Meine Gedanken eilten nirgendwohin, ich versank nicht in Wachträume, ich schaltete mich nur aus, als gäbe es mich nicht. So etwas hatte ich einst ›Kohlleben‹ genannt. Immerhin, die Aufmerksamkeit glomm, denn ich machte halt laut Plan. Es war ein guter Halteplatz. Ich stand unterhalb der Höhe eines sanften Hügels, dort wo die Autobahn als geometrische Ausschachtung in seinen Rücken einschnitt. Durch diese Kerbe reichte der Blick wie durch ein großes Tor bis zum Horizont, wo der Betonstreifen mit entschiedenem Schwung den nächsten sanften Buckel durchtrennte. Es sah aus, als wäre hier die Kimme und dort das Korn. Ich wischte die Scheibe, und weil ich dazu den Kofferraum öffnen musste – die Kleenextücher waren mir ausgegangen –, berührte ich den weichen Boden des Koffers; dort ruhte mit ihrem Gewicht die Waffe.

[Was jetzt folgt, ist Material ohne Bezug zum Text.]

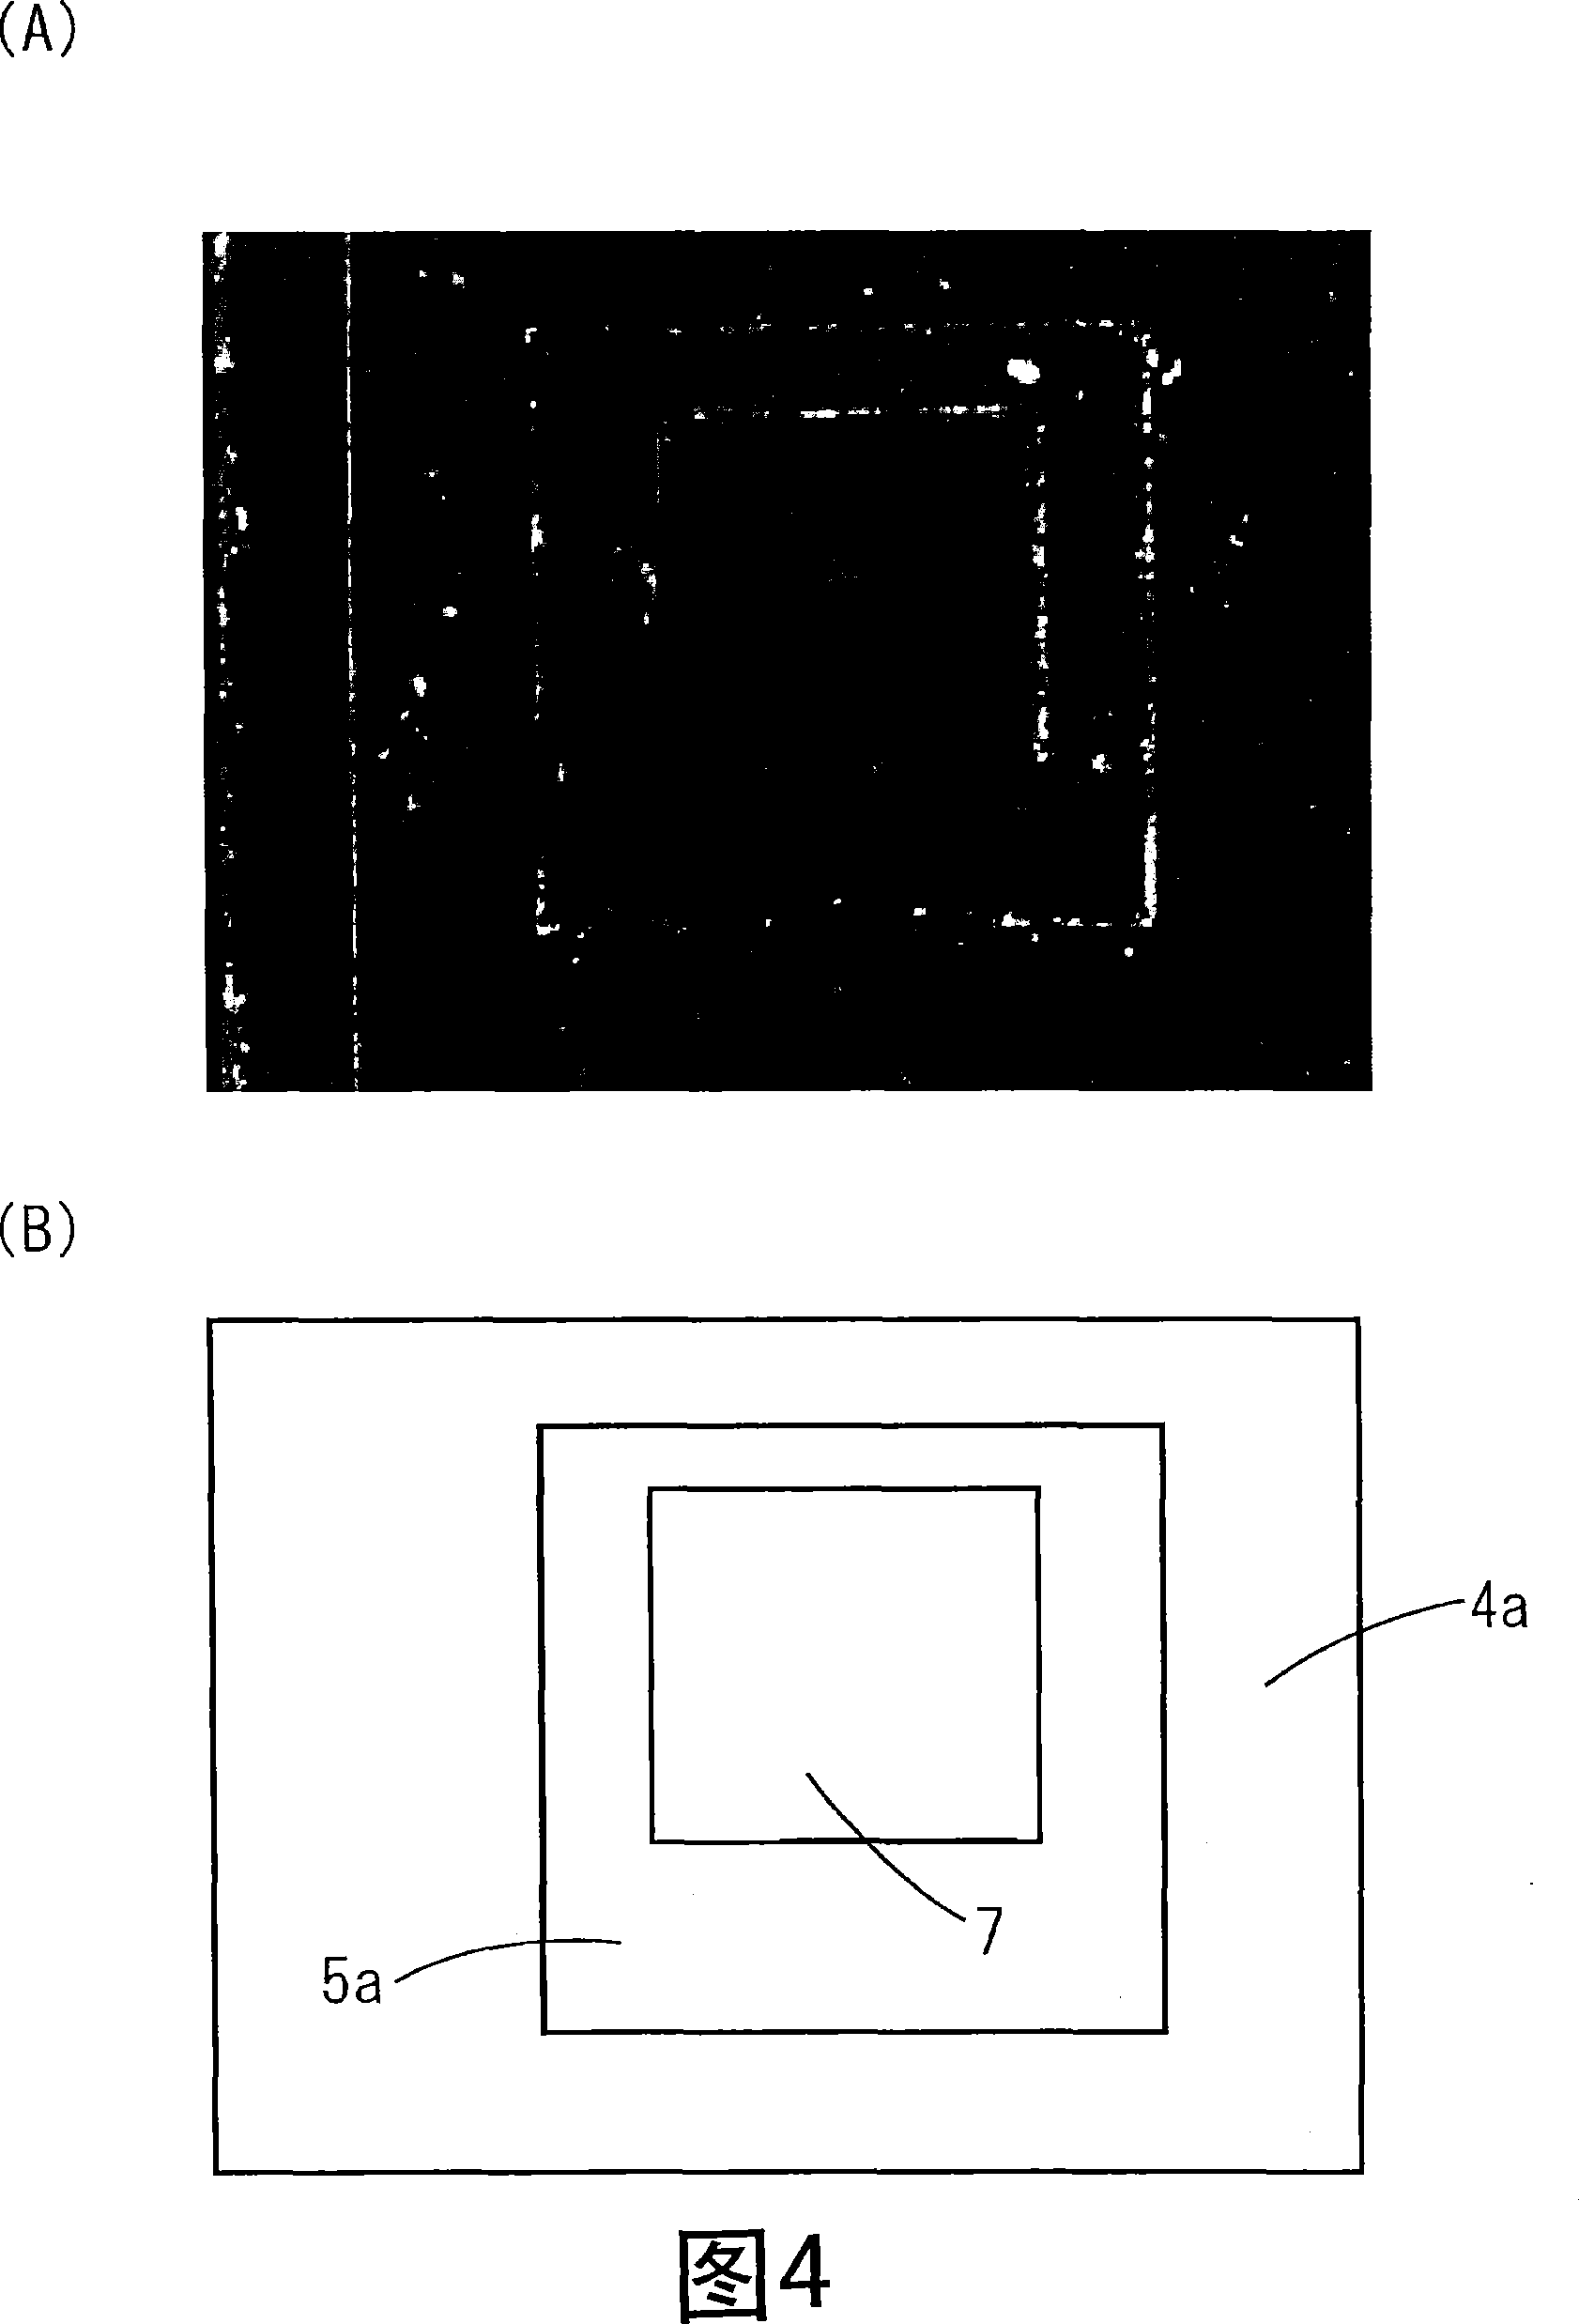 Sub-mount and its manufacturing method

Wie in unbewusster Verabredung schalteten alle Fahrer fast gleichzeitig die Scheinwerfer ein. Mein Blick umfasste einen beträchtlichen Raum. In Richtung Neapel leuchteten weiße Streifen, in Richtung Rom glühte es, als rollten rote Kohlestückchen die Straße entlang. Am Grunde des Kessels bremsten die Wagen, und dieses Bremsen mit seinem flimmernden Rot bebte stets auf demselben Streckenabschnitt, ein hübsches Beispiel für eine stehende Welle. Wäre die Straße dreimal so breit gewesen, hätte es in Texas oder Montana sein können. Wenige Schritte von der Straße entfernt war ich so allein, dass mich heitere Ruhe umfing.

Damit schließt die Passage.